The good news for Merck (NYSE: MRK) is that its newly acquired hepatitis C treatment, boceprevir, is better than the current offerings. The bad news is that the drug doesn't look as good as Vertex Pharmaceuticals' (Nasdaq: VRTX) telaprevir, based on stellar data released in May.

Boceprevir, which Merck got from Schering-Plough, was able to lower virus levels to undetectable levels -- essentially cure -- in 63% to 66% of patients who had not been treated before, depending on how long boceprevir was added to the standard of care. Patients who just got the standard of care were cured 38% of the time.

By contrast, telaprevir reached as high as a 75% cure rate, although the control group also fared better with a cure rate of 44%. The difference in the standard-of-care groups makes the comparison between the trials difficult. Vertex used Roche's Pegasys and Copegus, while Merck used its own Pegintron and Rebetol, which could account for some of the differences.

The difference could also be because of a different mix of African-Americans in the two trials, because it turned out that they often had lower cure rates. If you look at just the non-African-Americans in the boceprevir trial, the cure rates increase to between 67% and 69% for boceprevir and 40% for the control group.
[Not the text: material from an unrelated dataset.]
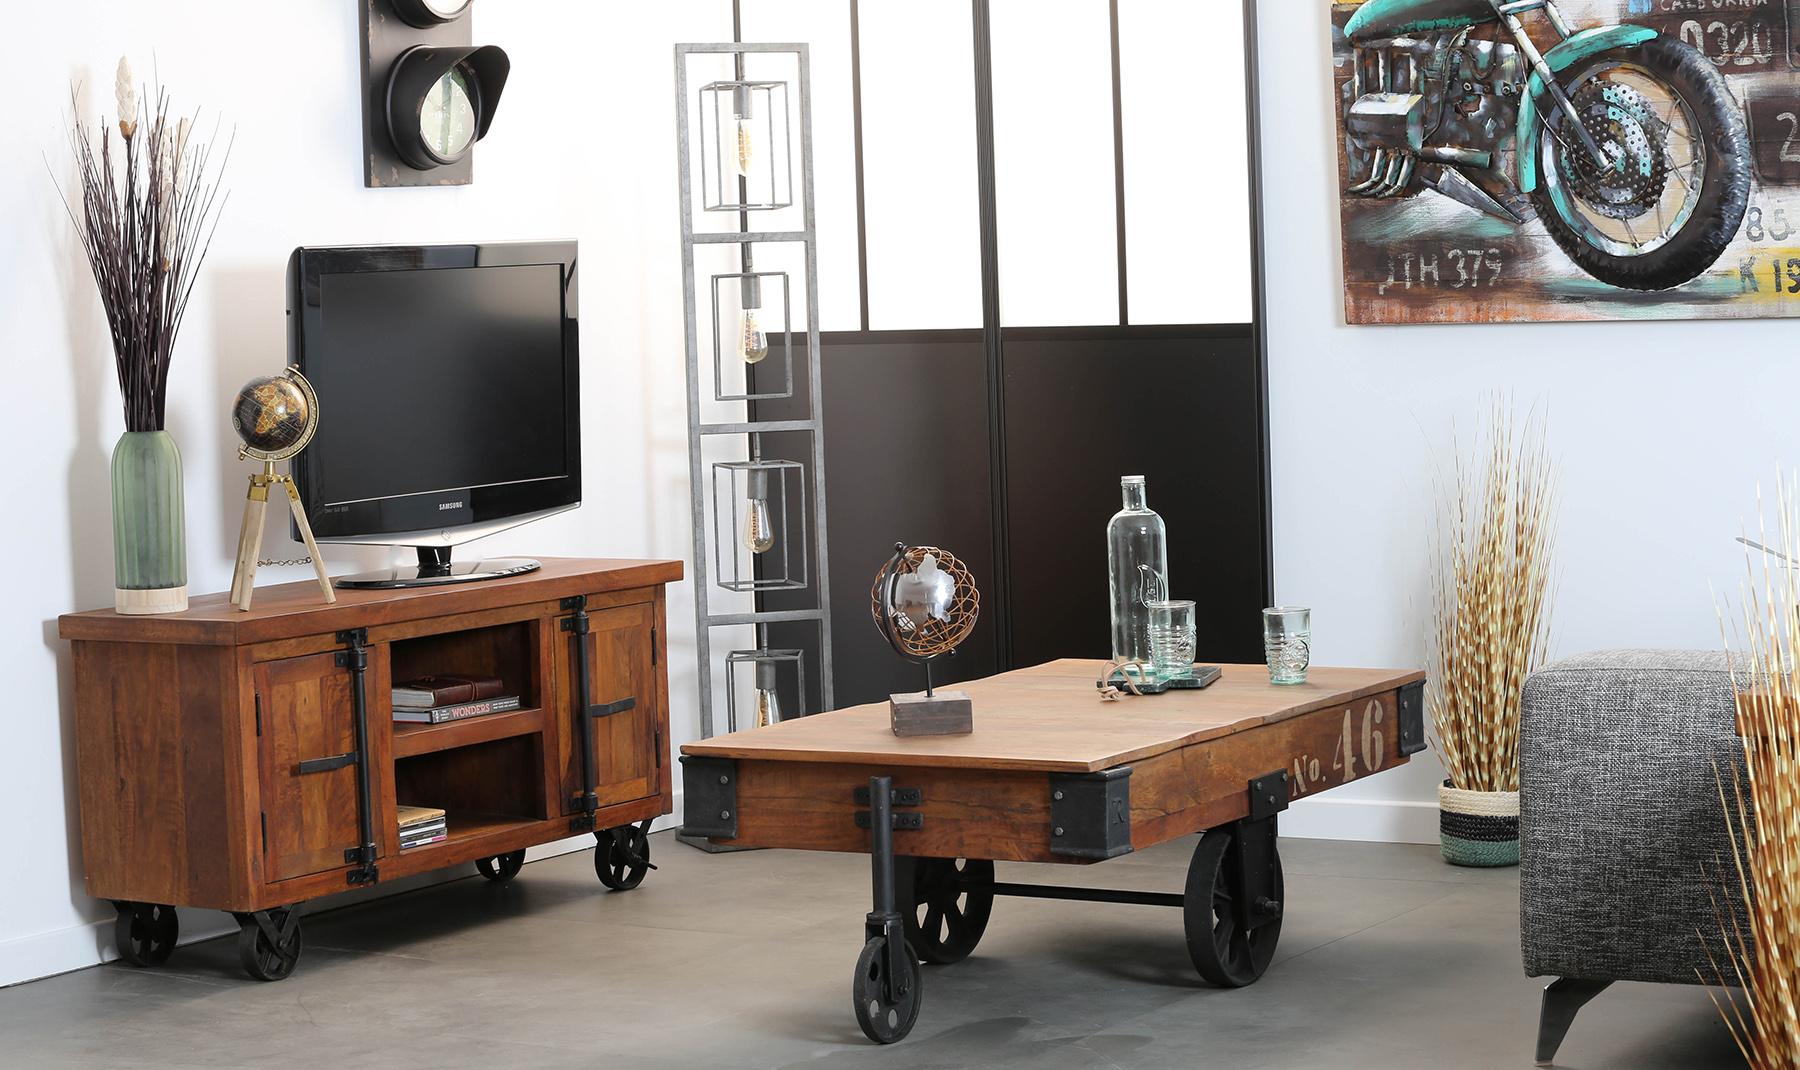 meuble tv industriel vintage bois recycle roues leeds

African-Americans, on the other hand, had cure rates of 42% to 53%, compared with 23% for the control group.

Until a head-to-head trial is run -- likely sometime after both boceprevir and telaprevir are on the market -- the comparison between trials is the best we have. For now, Vertex and marketing partner Johnson & Johnson (NYSE: JNJ) have the best absolute number out there for patients new to treatment.
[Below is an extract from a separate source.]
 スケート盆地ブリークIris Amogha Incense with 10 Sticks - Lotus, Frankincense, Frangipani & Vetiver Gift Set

While Vertex had previously set the bar for Merck in patients new to treatment, Merck has turned the tables by releasing data from a second trial with patients who had failed therapy. In that trial, boceprevir cured between 59% and 66% of patients, compared with just 21% in patients who got just the standard of care. Vertex could put the nail in boceprevir's coffin if it can beat those numbers in a phase 3 trial whose results are expected next month.

Maybe "coffin" is too strong a word because Merck's data should certainly be good enough to get boceprevir on the market, and some doctors will prescribe it despite the seemingly better data from telaprevir. In fact, Vertex's top spot isn't really safe considering that Roche, InterMune (Nasdaq: ITMN), Bristol-Myers Squibb (NYSE: BMY), and Gilead Sciences (Nasdaq: GILD) are all gunning for it with hepatitis C treatments of their own.

The first leg of the hepatitis C race is coming to a close, but the marathon of next-generation drugs is just beginning.